Work item:
An exact copy of the listing below is the answer, with the pictures removed.

Input data:
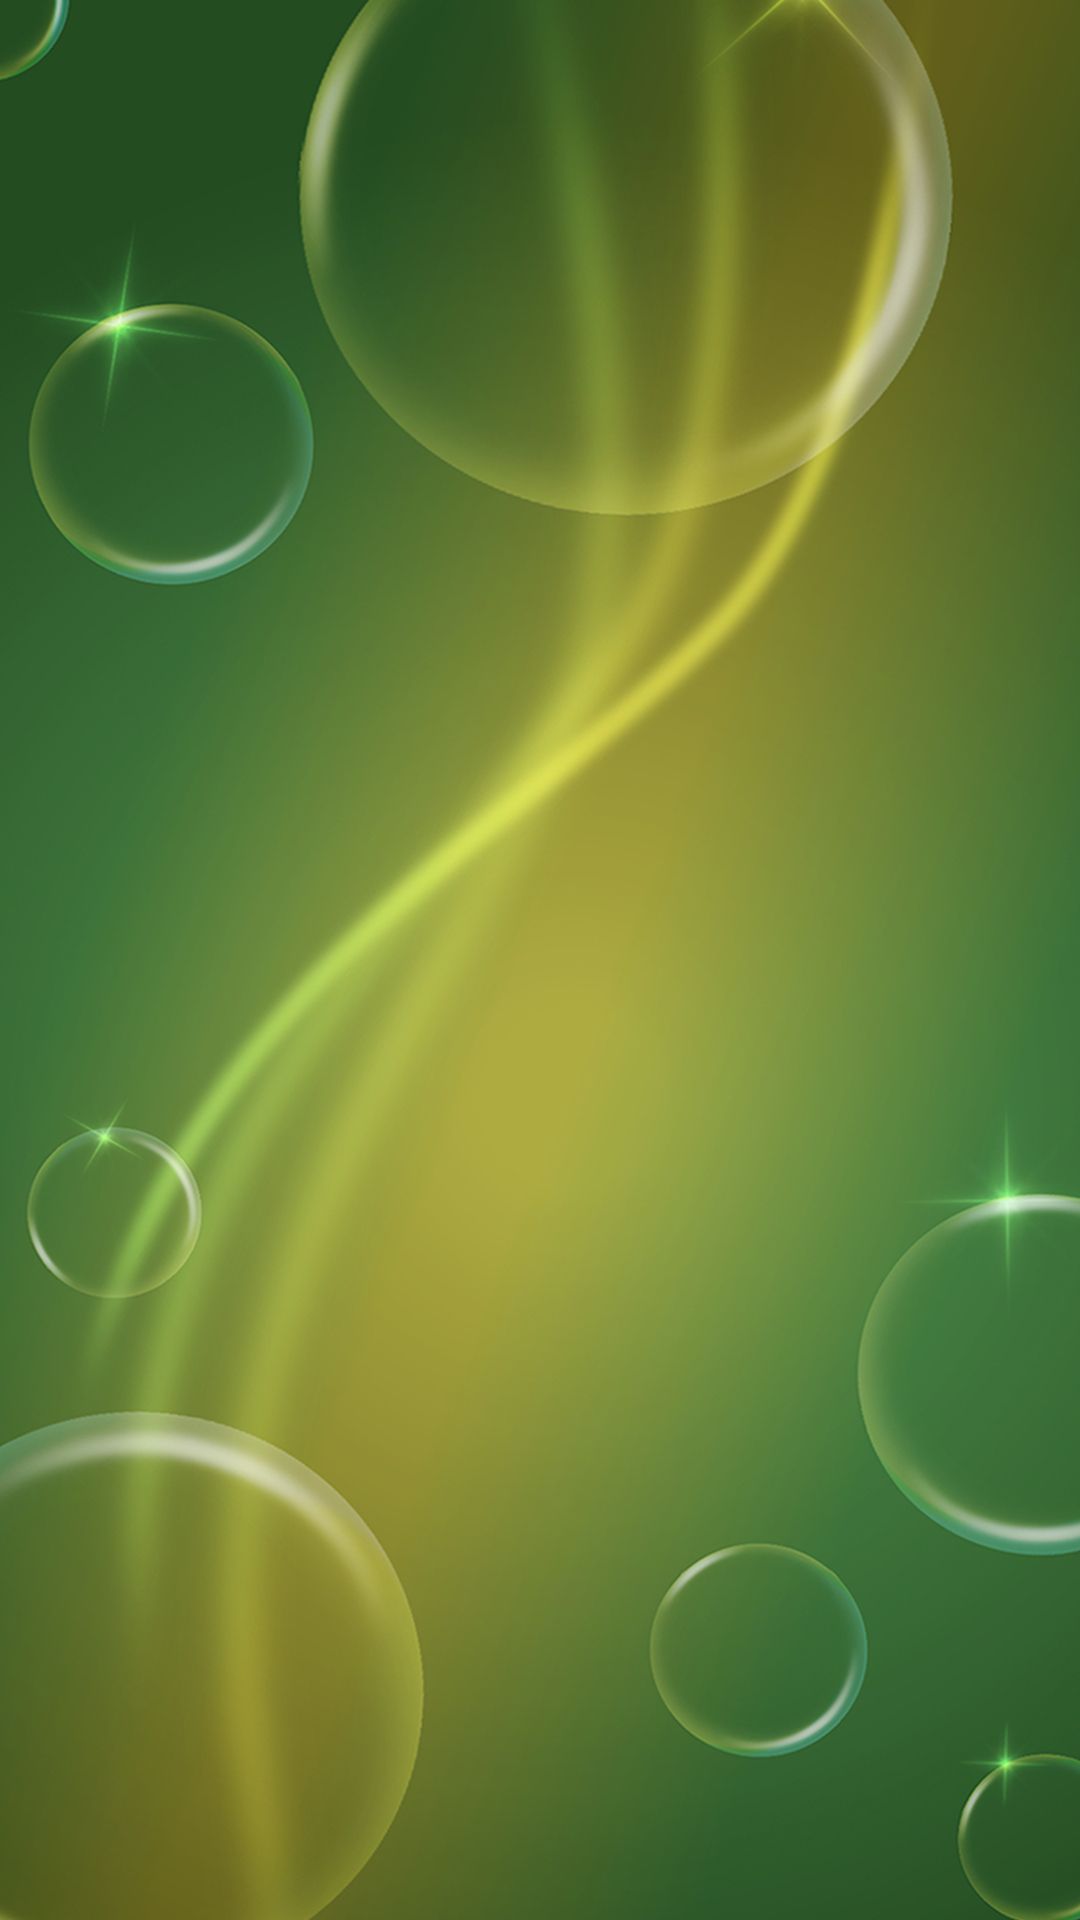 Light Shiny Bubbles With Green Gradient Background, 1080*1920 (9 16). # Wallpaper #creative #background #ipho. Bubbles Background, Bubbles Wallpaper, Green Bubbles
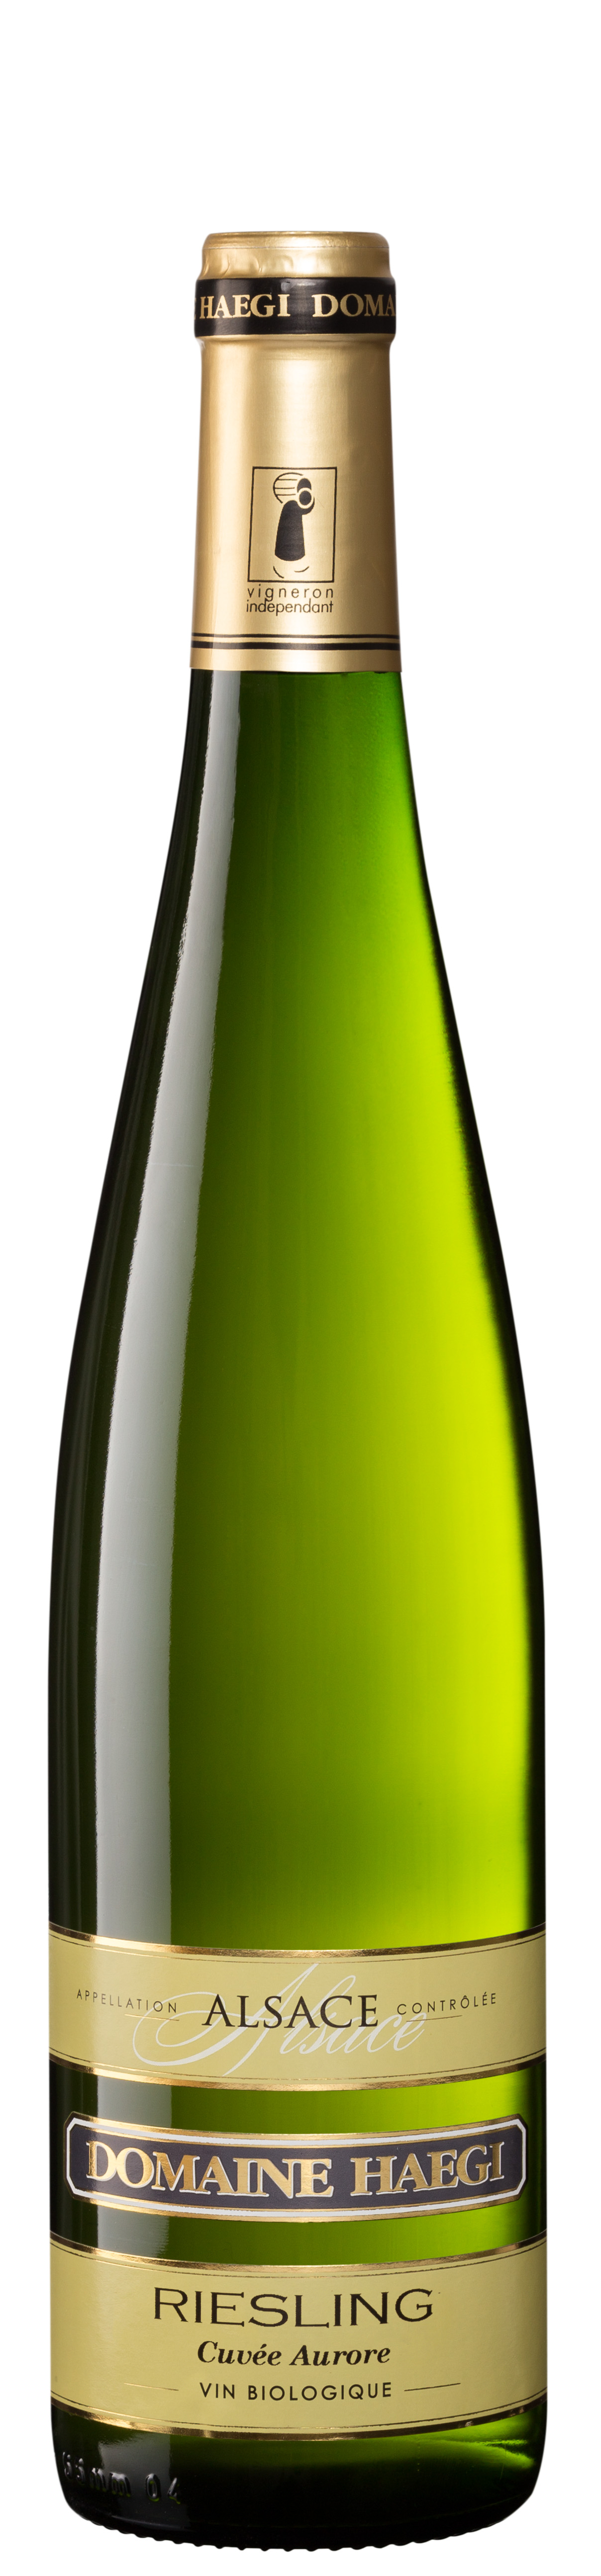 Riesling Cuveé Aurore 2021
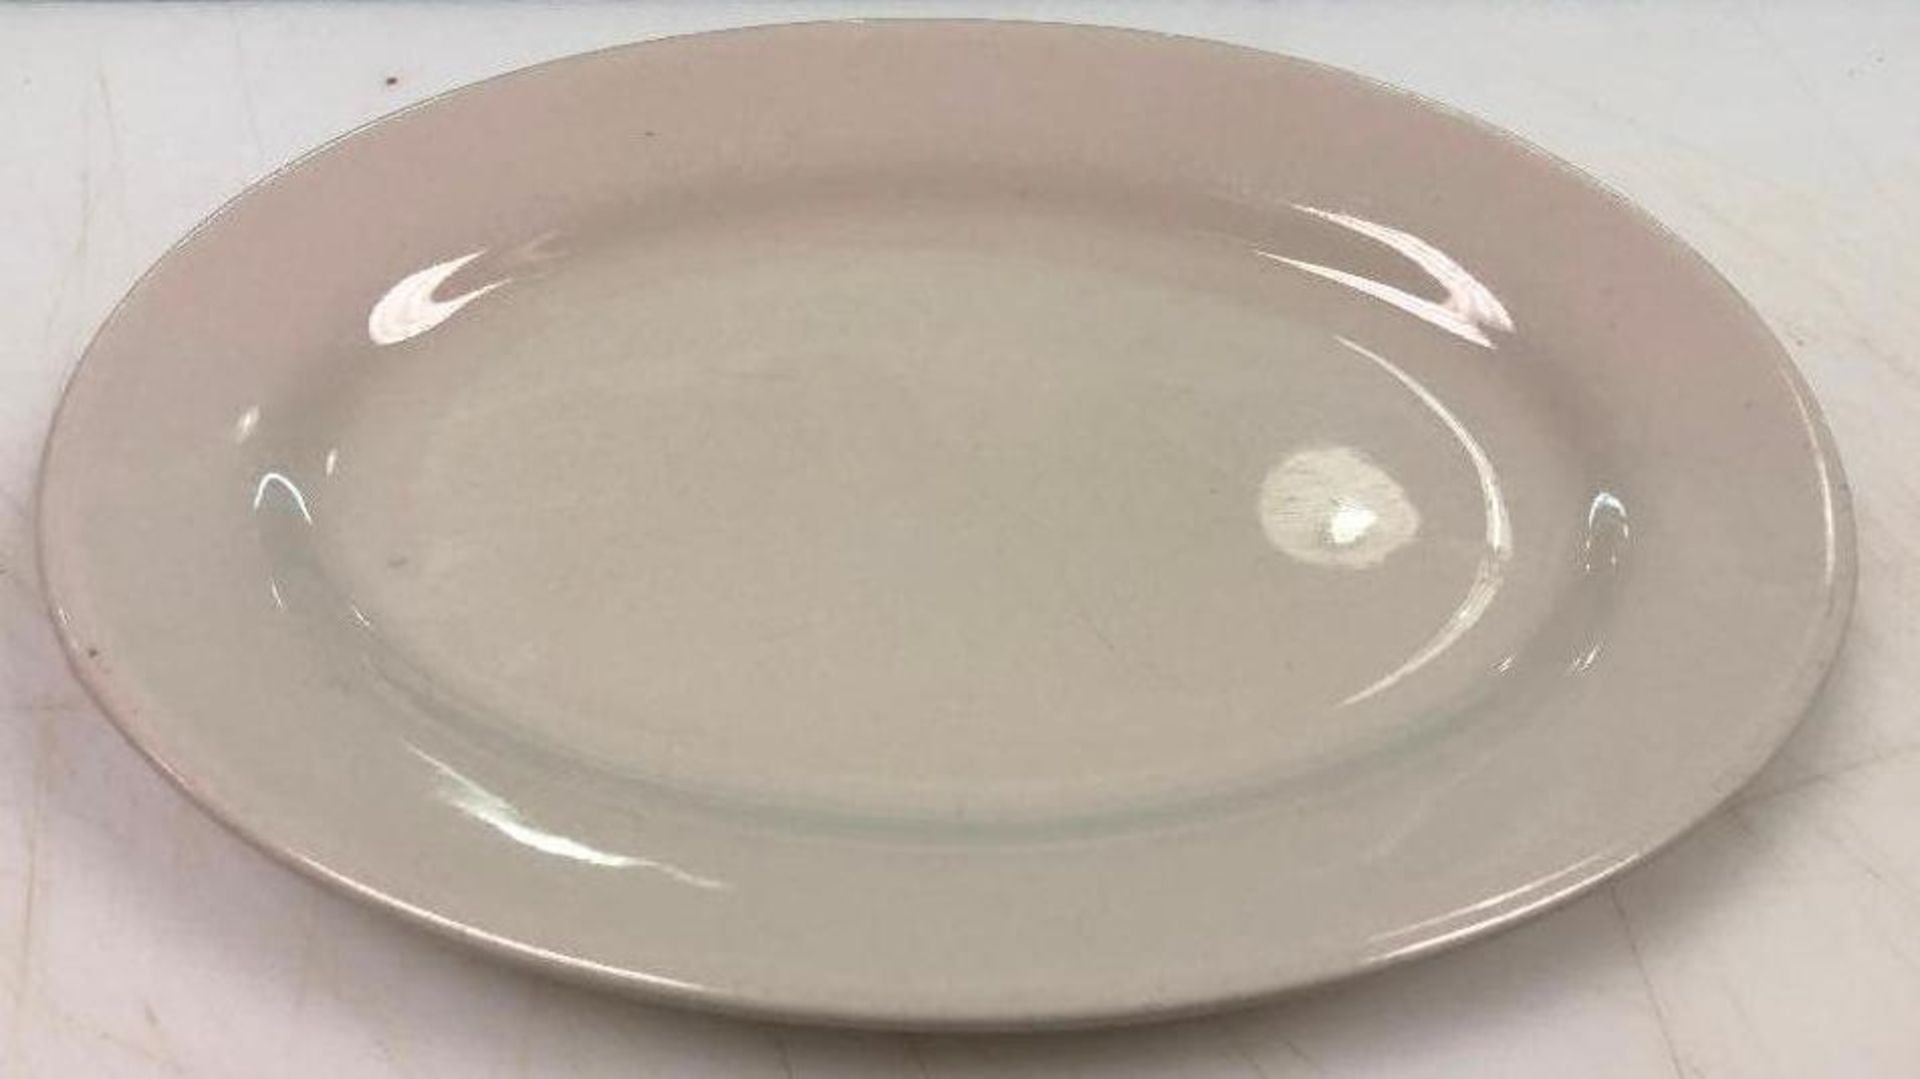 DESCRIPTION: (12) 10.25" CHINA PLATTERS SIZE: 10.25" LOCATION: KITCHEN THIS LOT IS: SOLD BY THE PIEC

Task answer:
 Light Shiny Bubbles With Green Gradient Background, 1080*1920 (9 16). # Wallpaper #creative #background #ipho. Bubbles Background, Bubbles Wallpaper, Green Bubbles
 Riesling Cuveé Aurore 2021
 DESCRIPTION: (12) 10.25" CHINA PLATTERS SIZE: 10.25" LOCATION: KITCHEN THIS LOT IS: SOLD BY THE PIEC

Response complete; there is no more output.